Exercise aim:
Beginning with the line that contains "Fitness Weight Room", print each line to the end of the data exactly. Omit the pictures.

Data section:
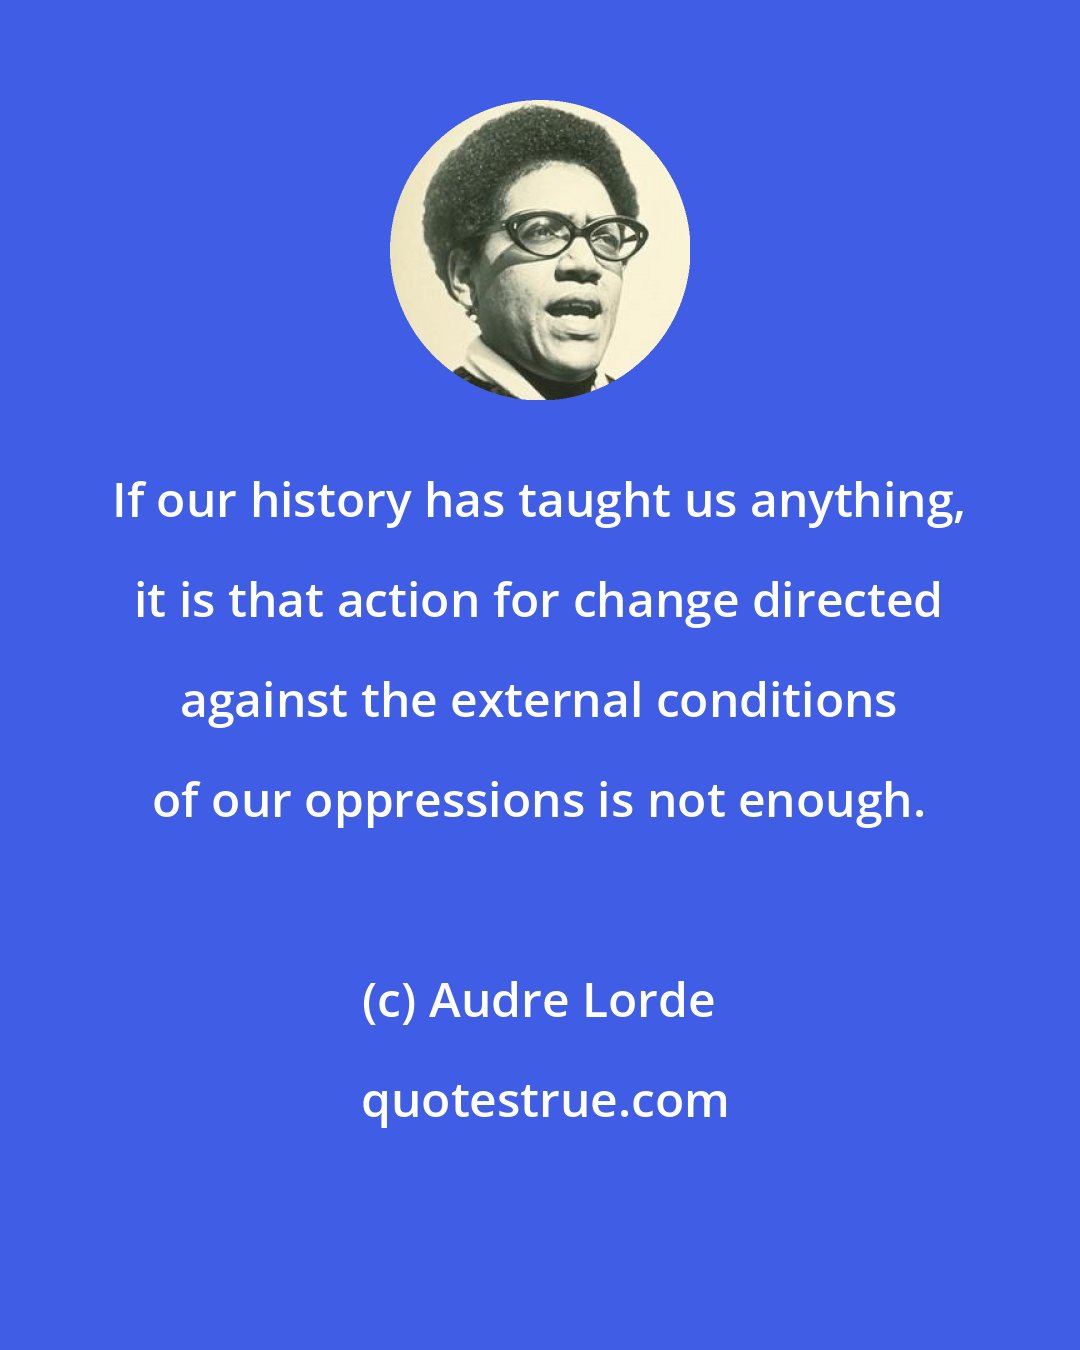 Audre Lorde: If our history has taught us anything, it is that action for change directed against the external conditions of our oppressions is not enough.
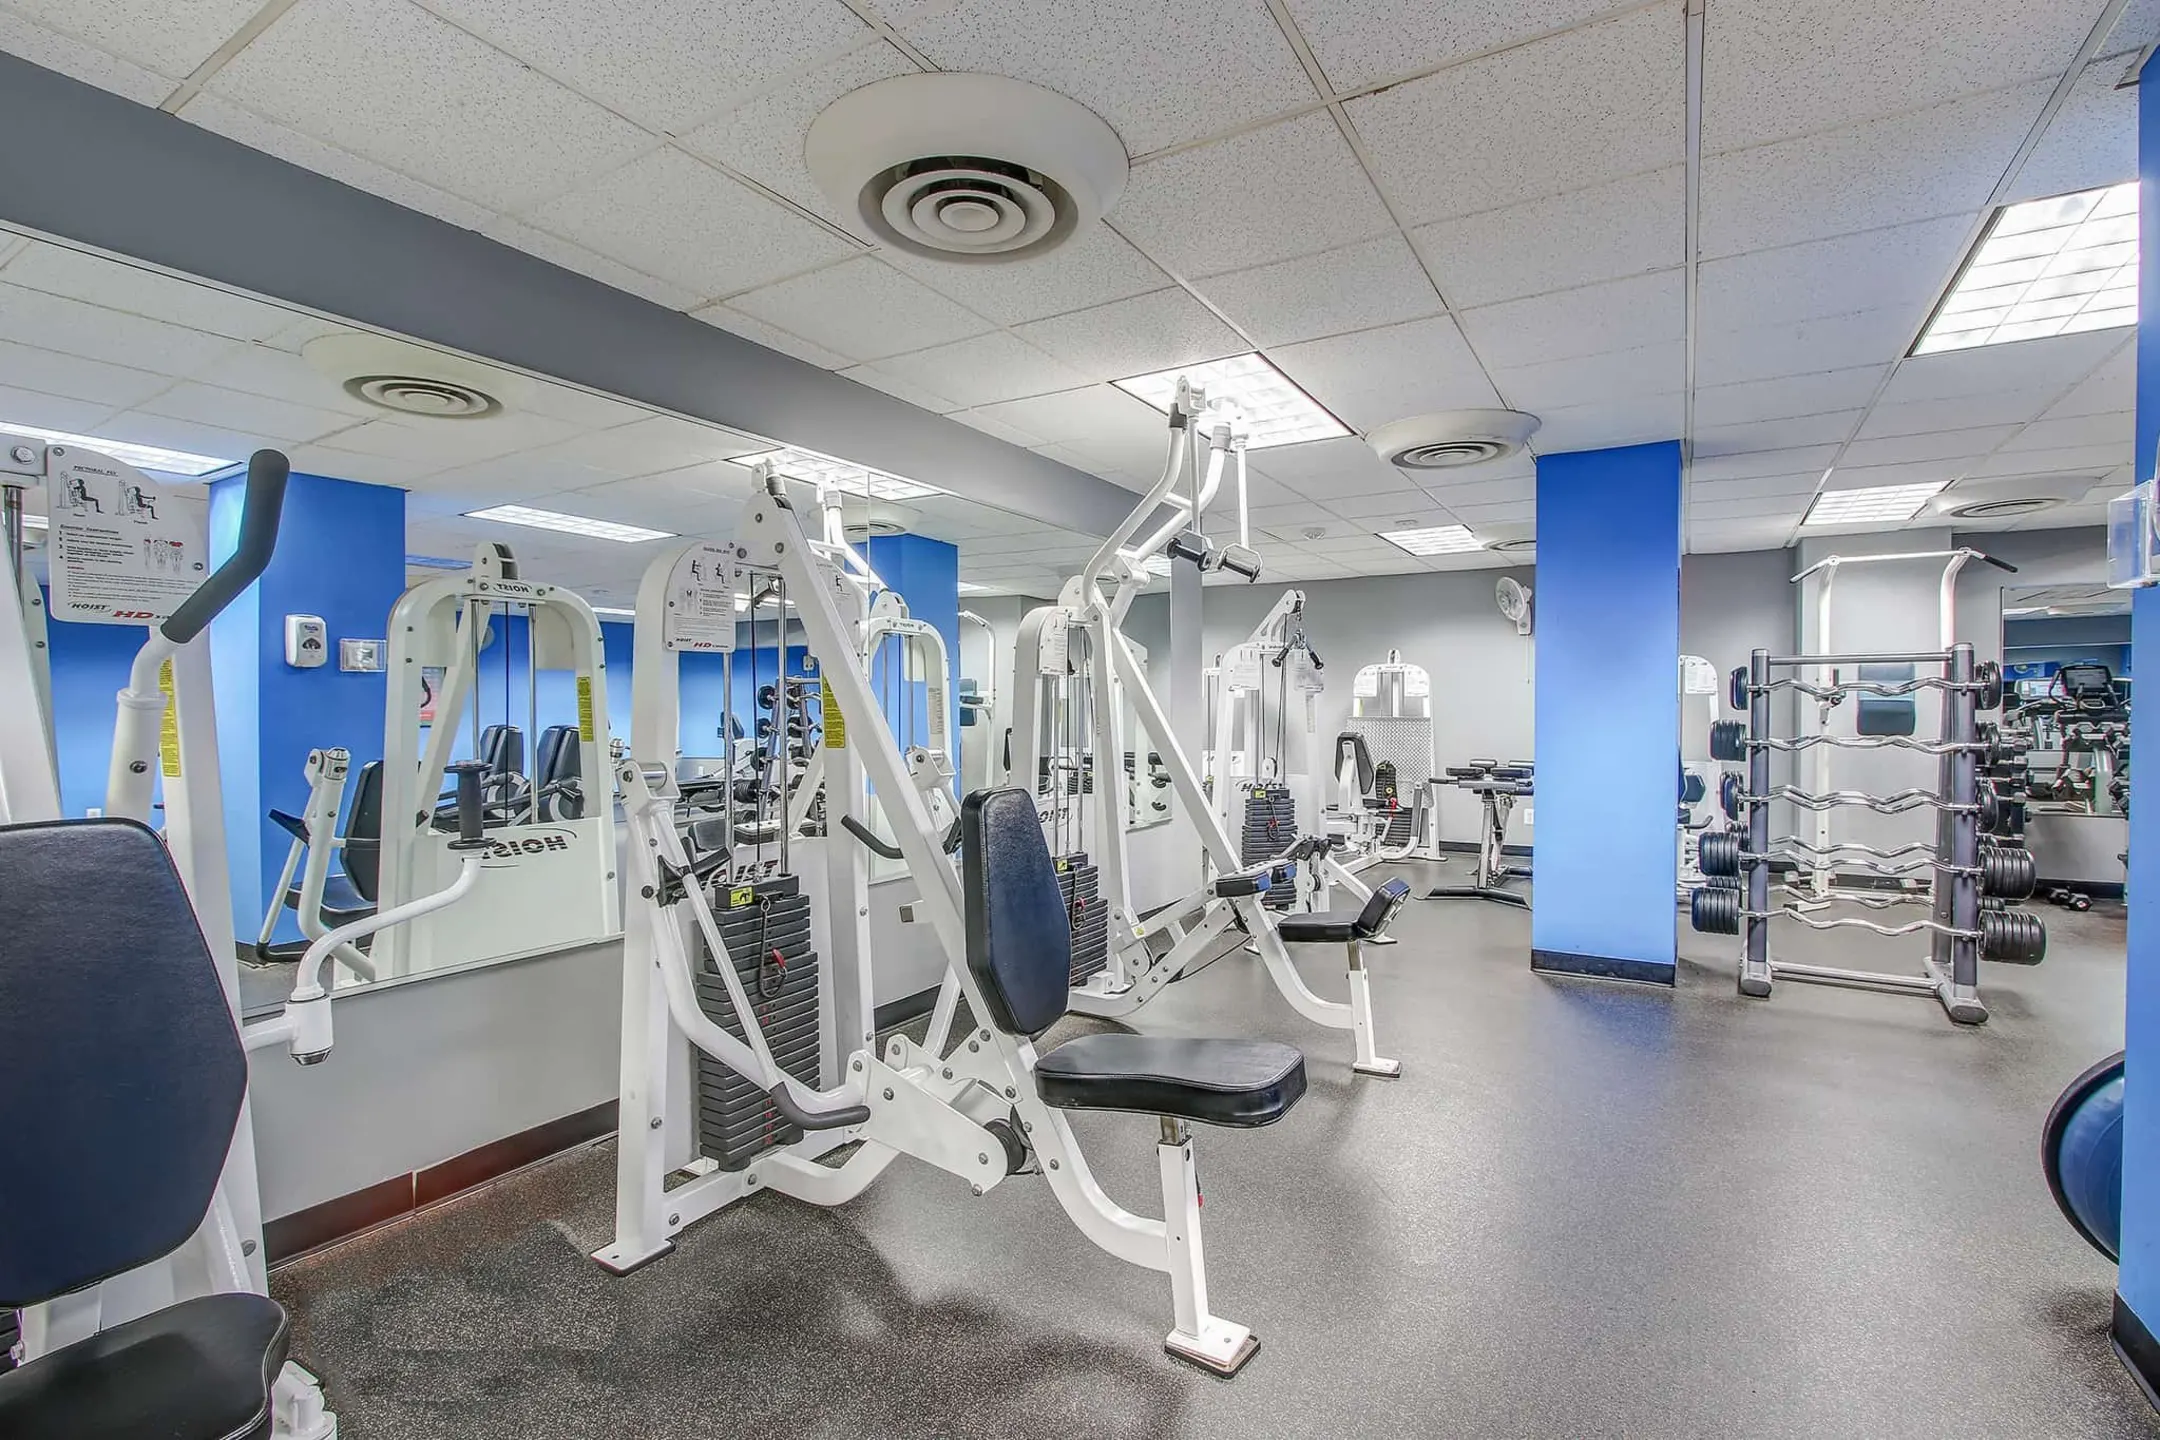 Fitness Weight Room - The Highlands of Chevy Chase - Chevy Chase, MD
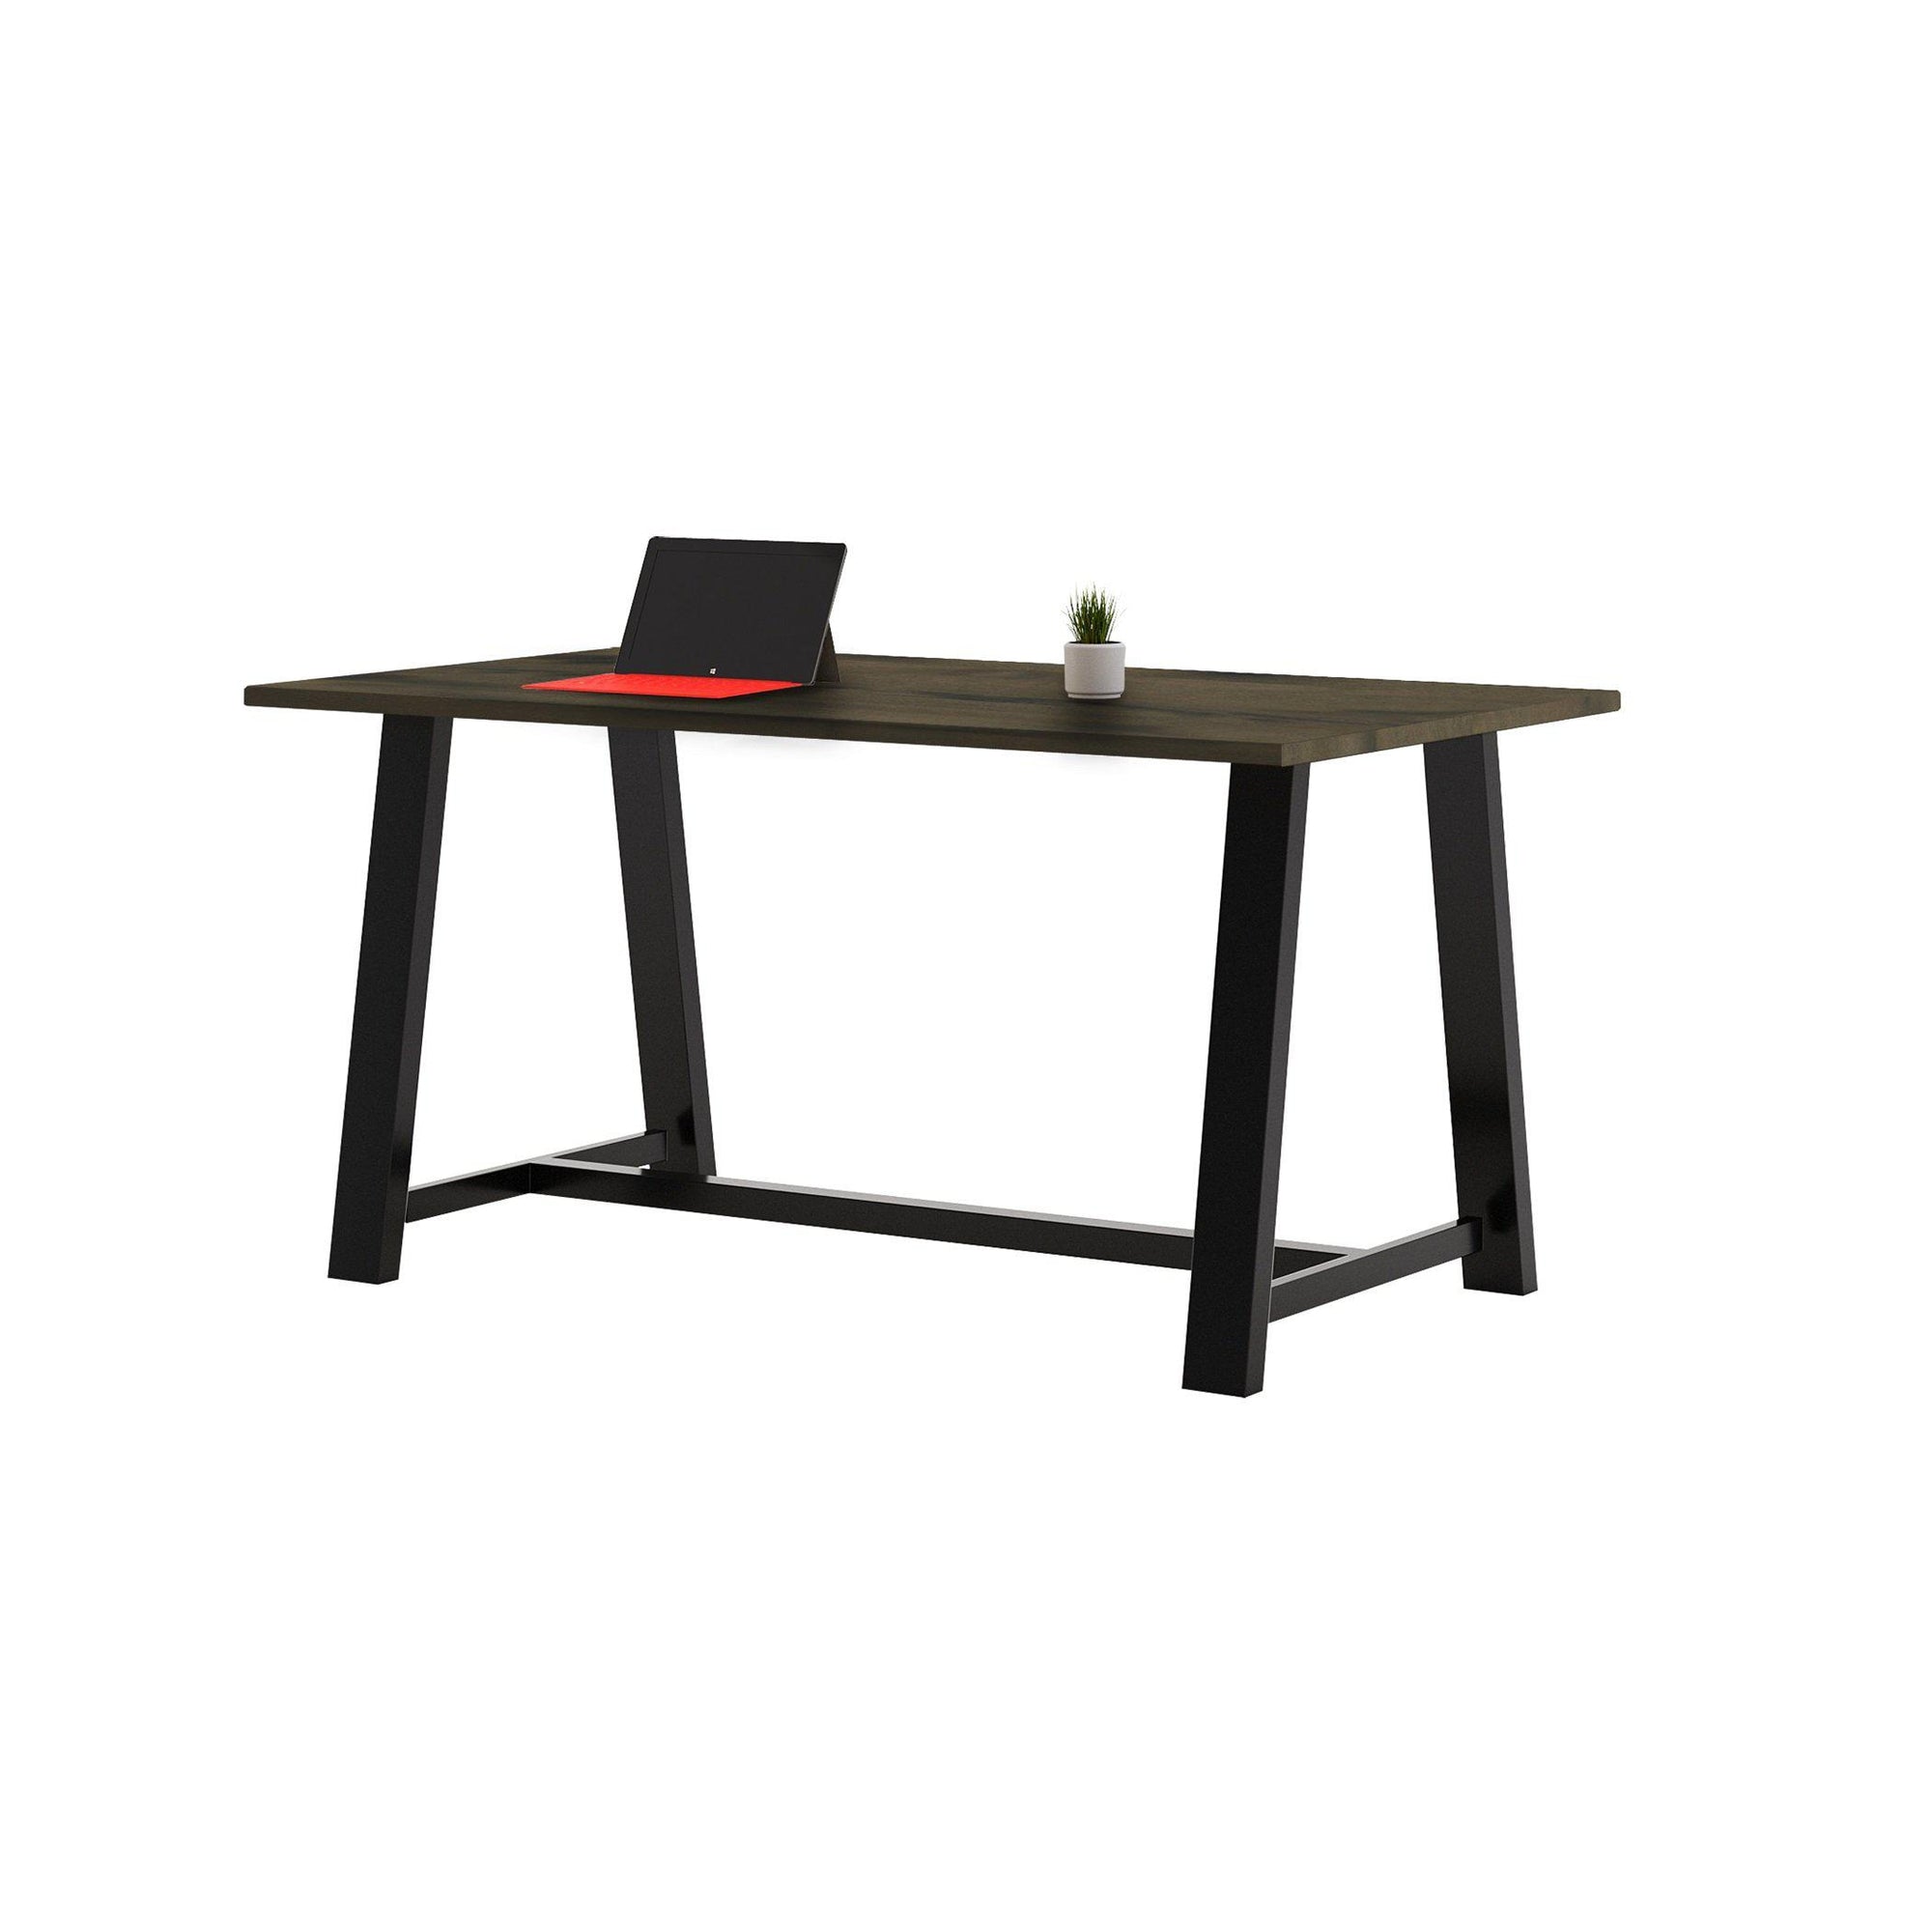 Midtown Table, Counter Height, 42" x 72" x 36"H, High Pressure Laminate Top, 3mm PVC Edge, 72" Base

Answer to the exercise:
 Fitness Weight Room - The Highlands of Chevy Chase - Chevy Chase, MD
 Midtown Table, Counter Height, 42" x 72" x 36"H, High Pressure Laminate Top, 3mm PVC Edge, 72" Base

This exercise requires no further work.